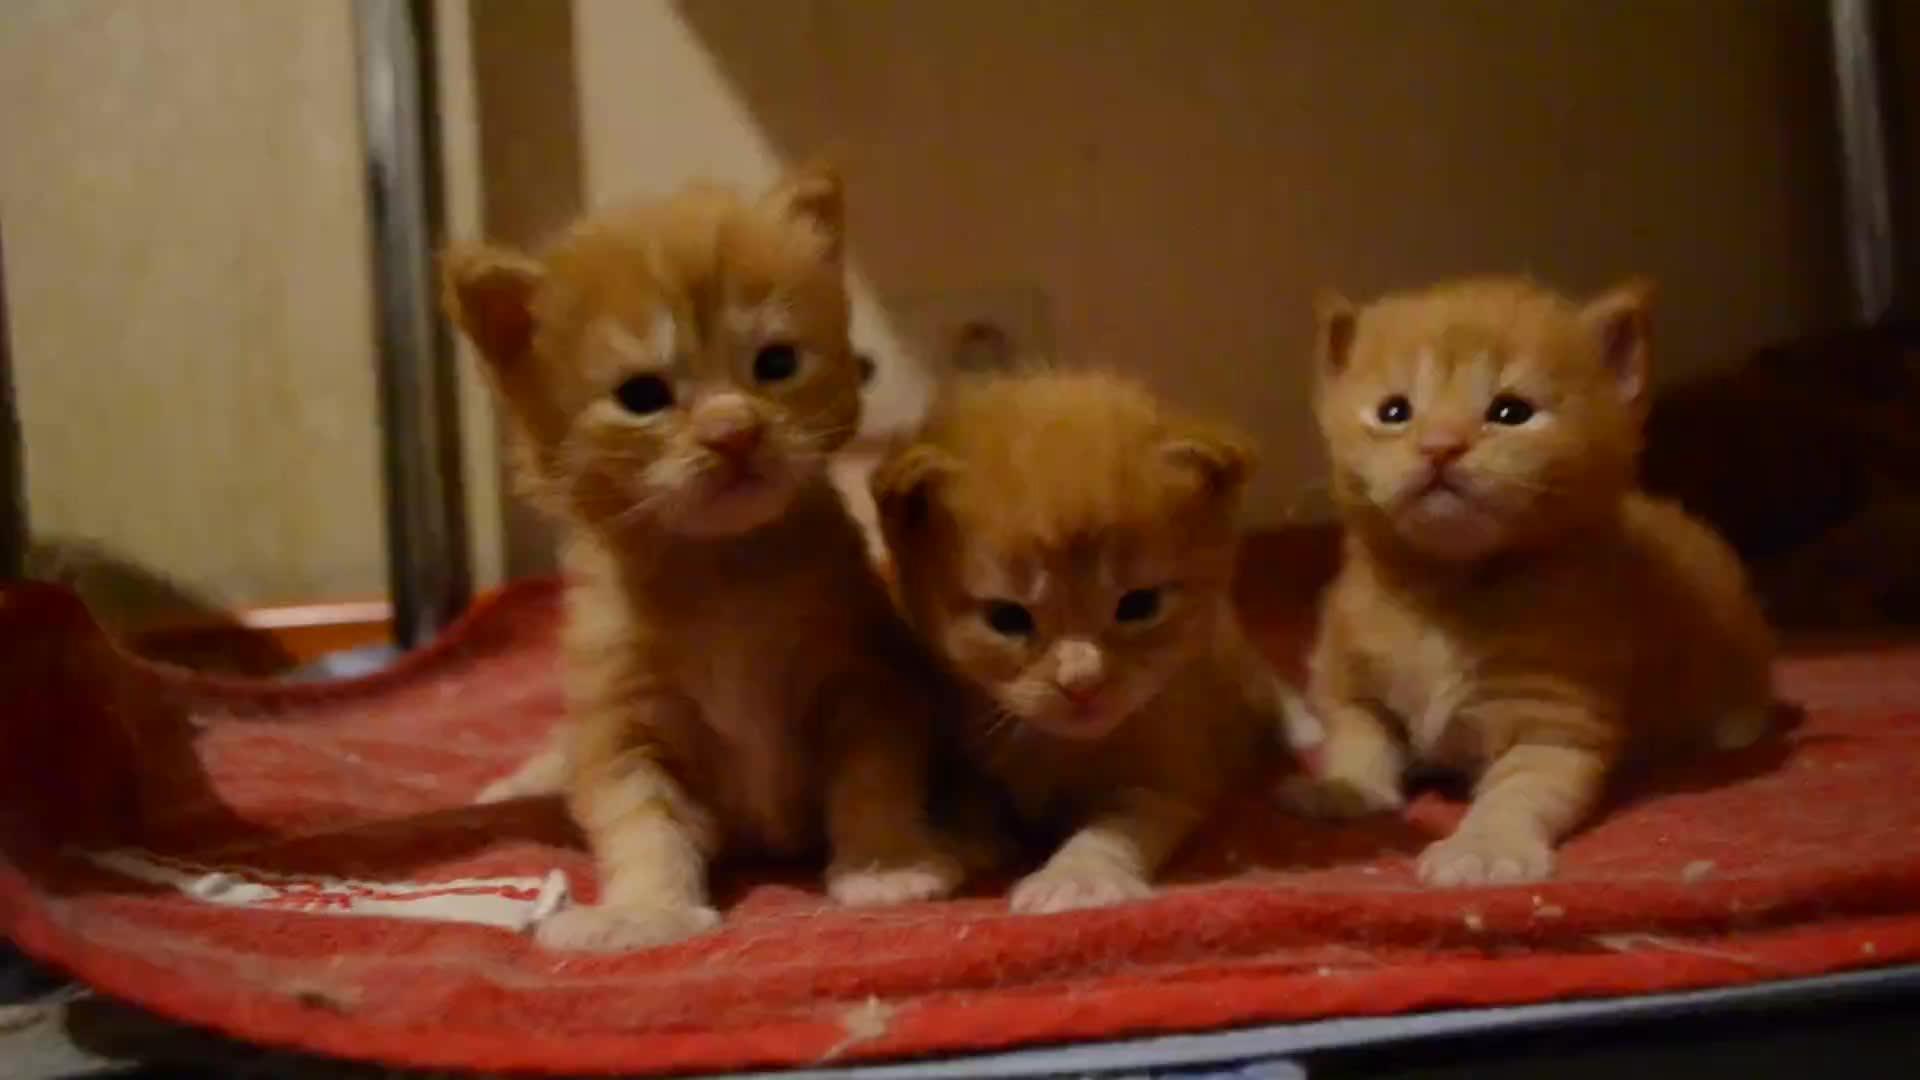 Cute kittens, Cute kittens GIFs
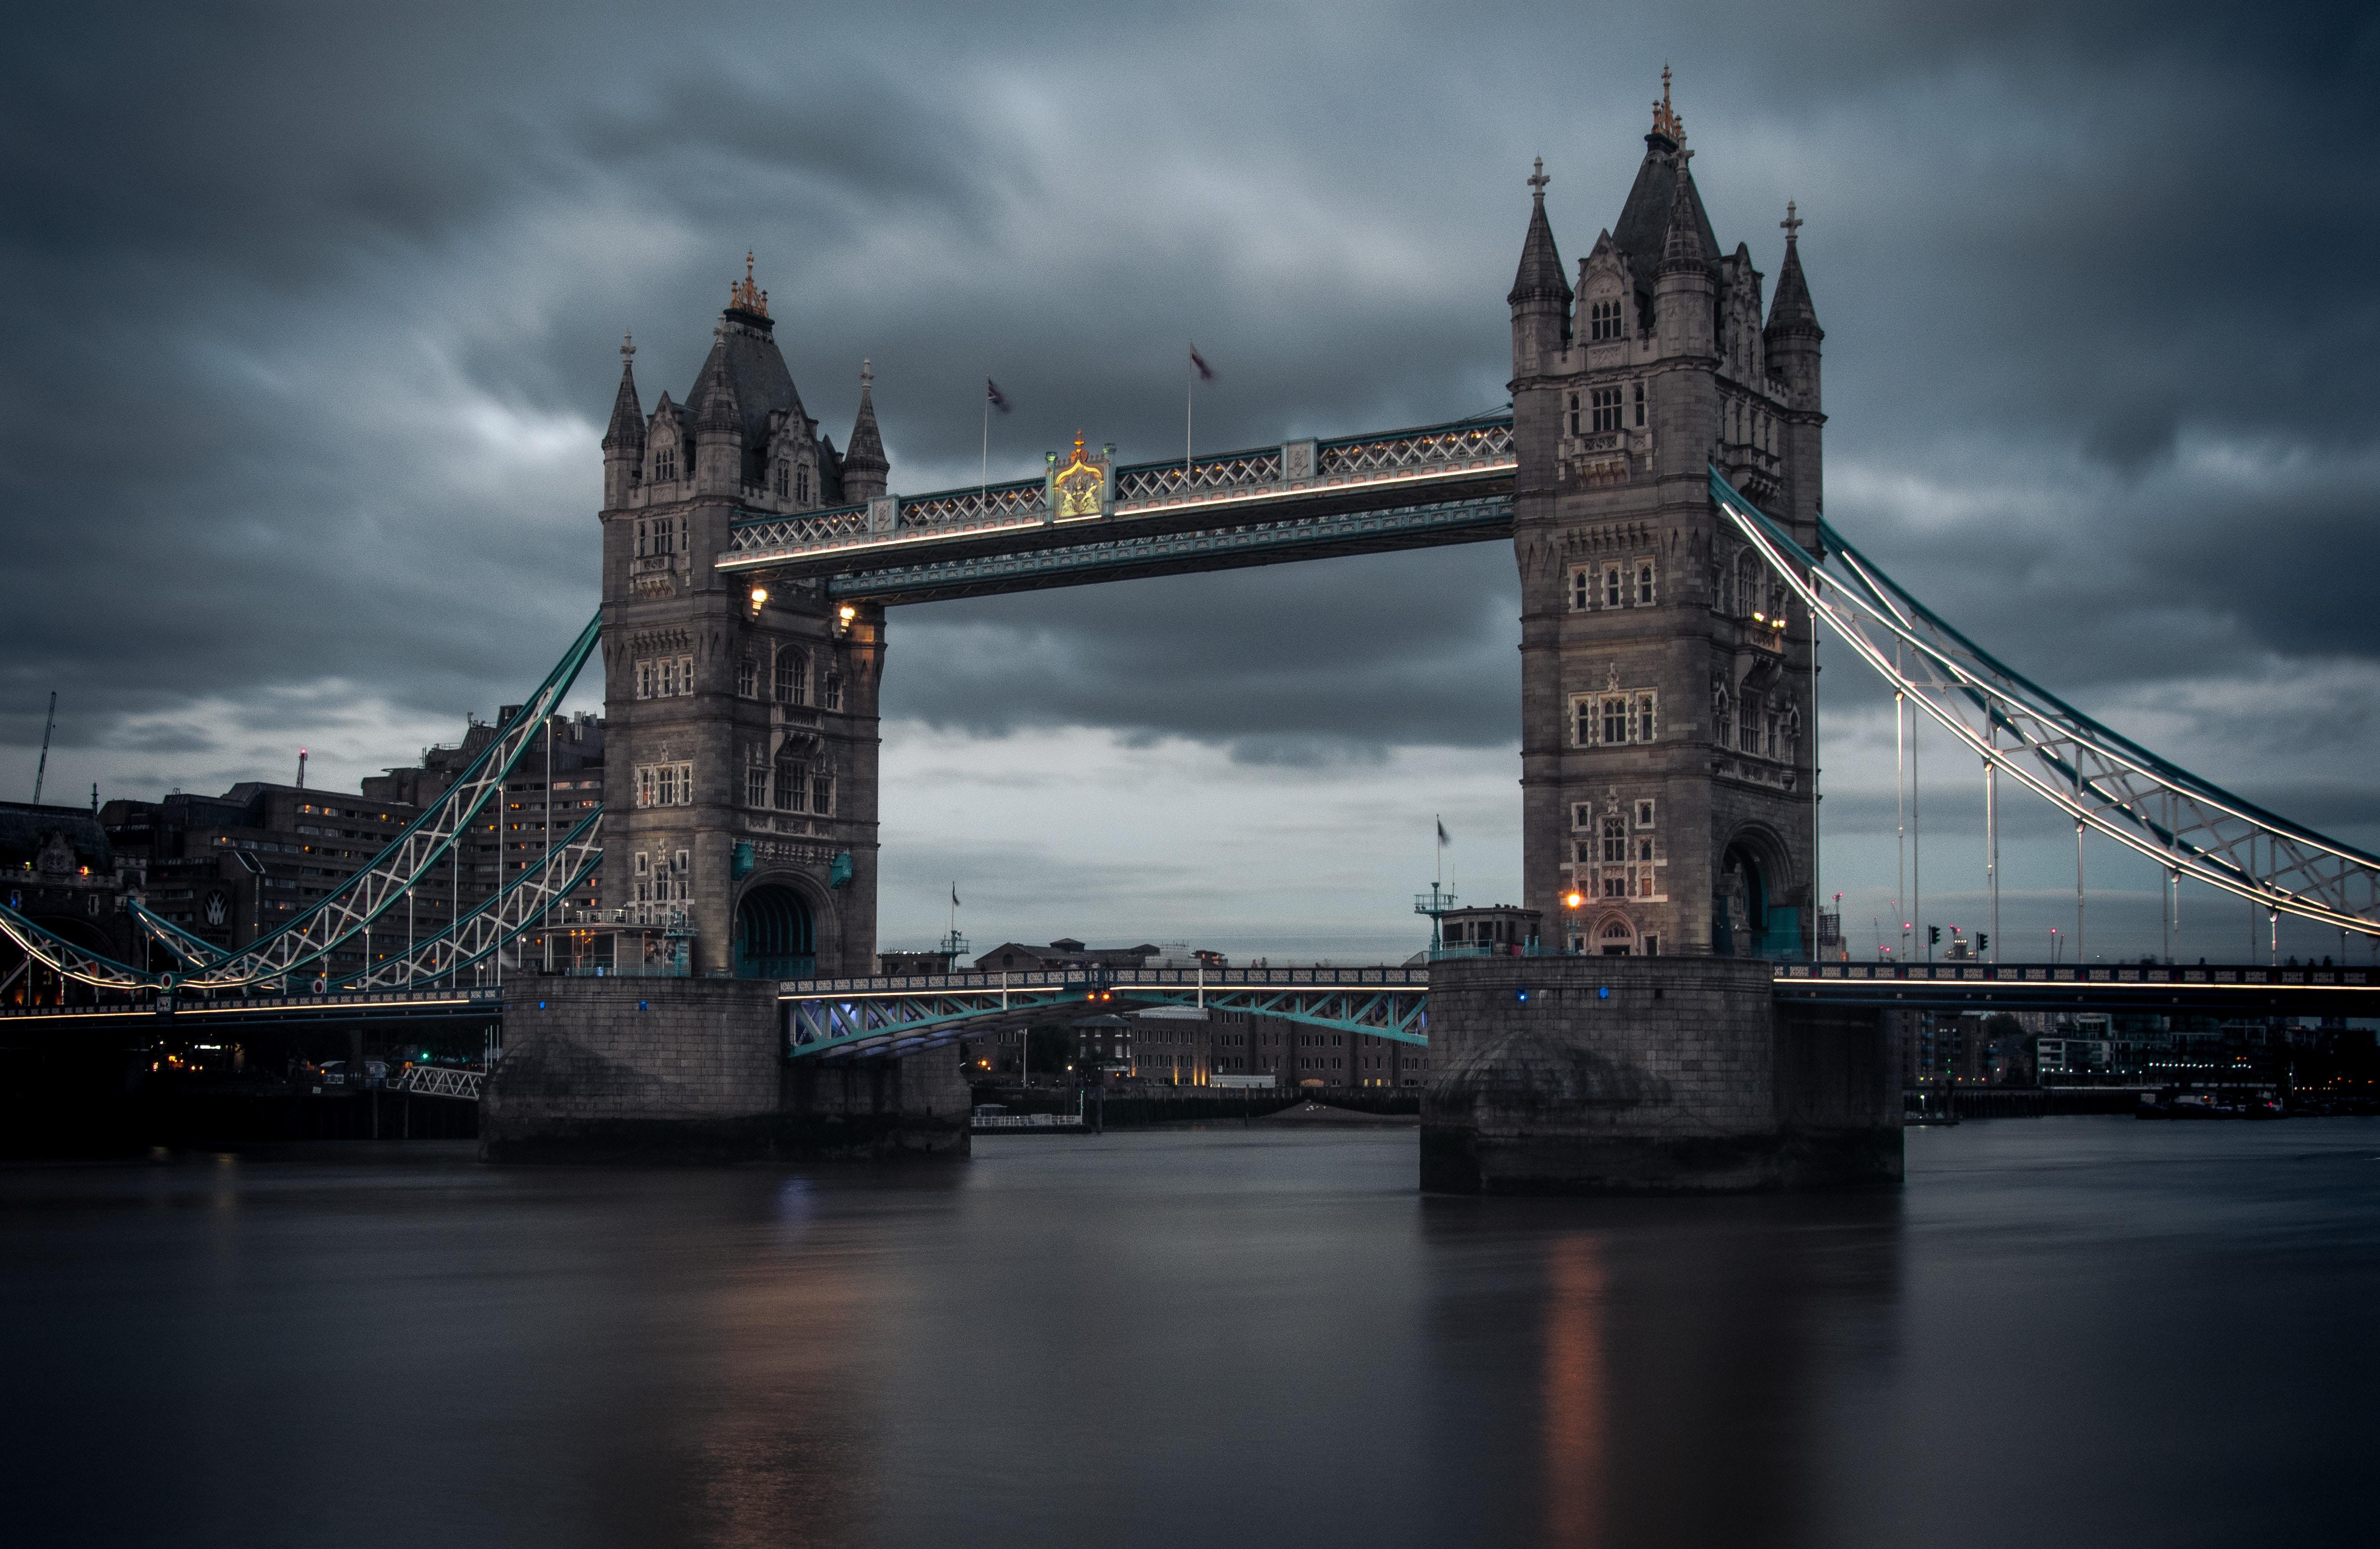 Tower Bridge, London - Credits: Lachlan Gowen, Unsplash
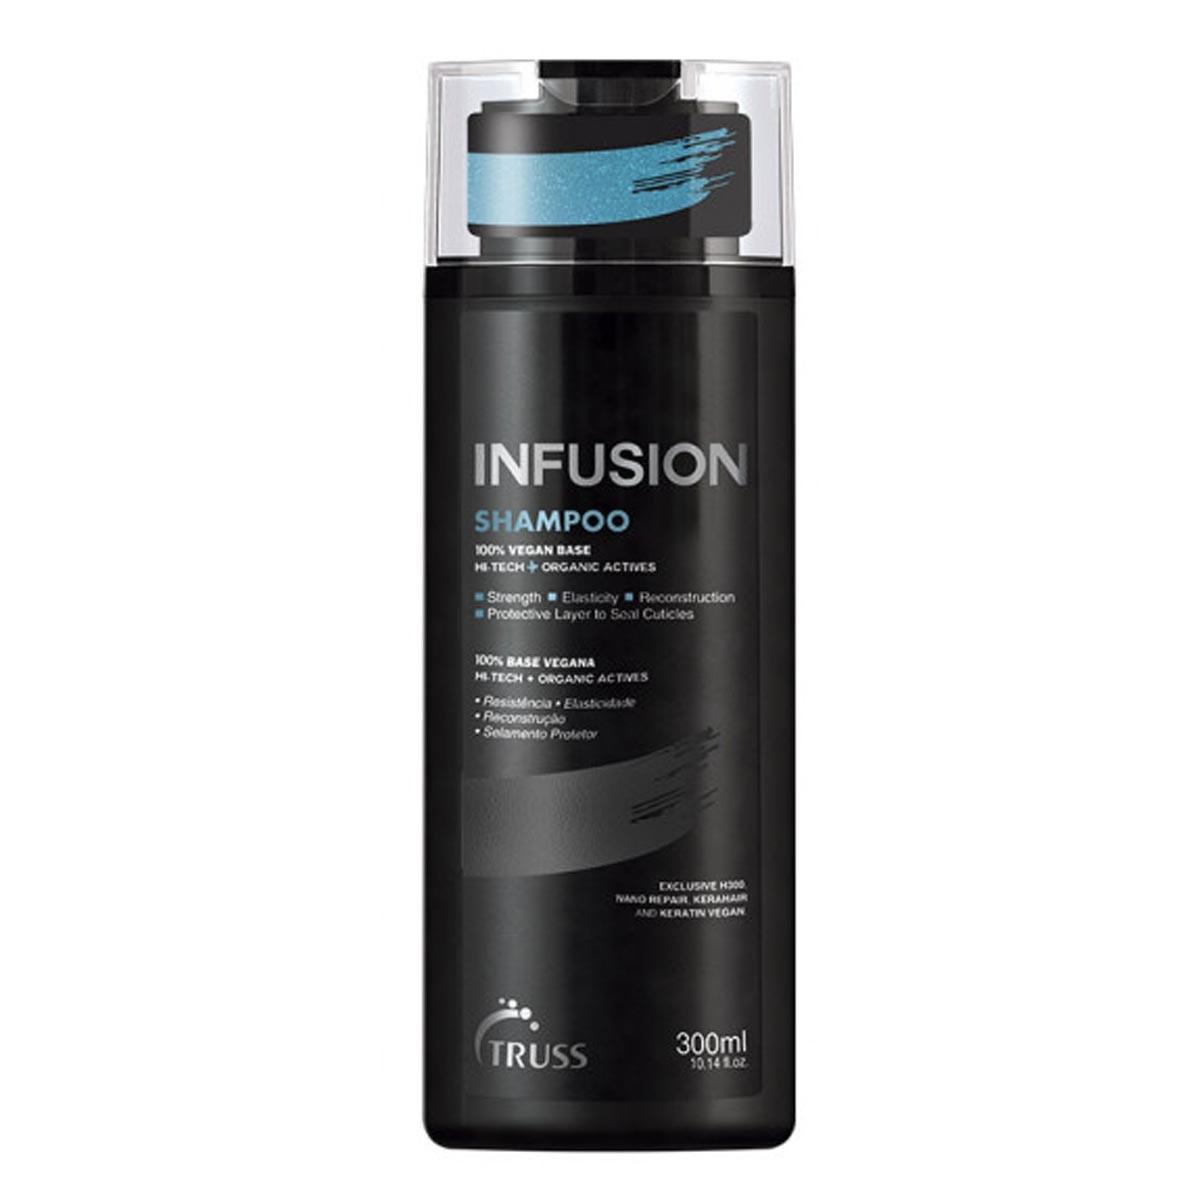 Truss Shampoo Infusion 300ml

——————————

__WORK INSTRUCTIONS__. Except for the pictures, return every line of the material exactly.

__ANSWER TO THE EXERCISE__.
 Cute kittens, Cute kittens GIFs
 Tower Bridge, London - Credits: Lachlan Gowen, Unsplash
 Truss Shampoo Infusion 300ml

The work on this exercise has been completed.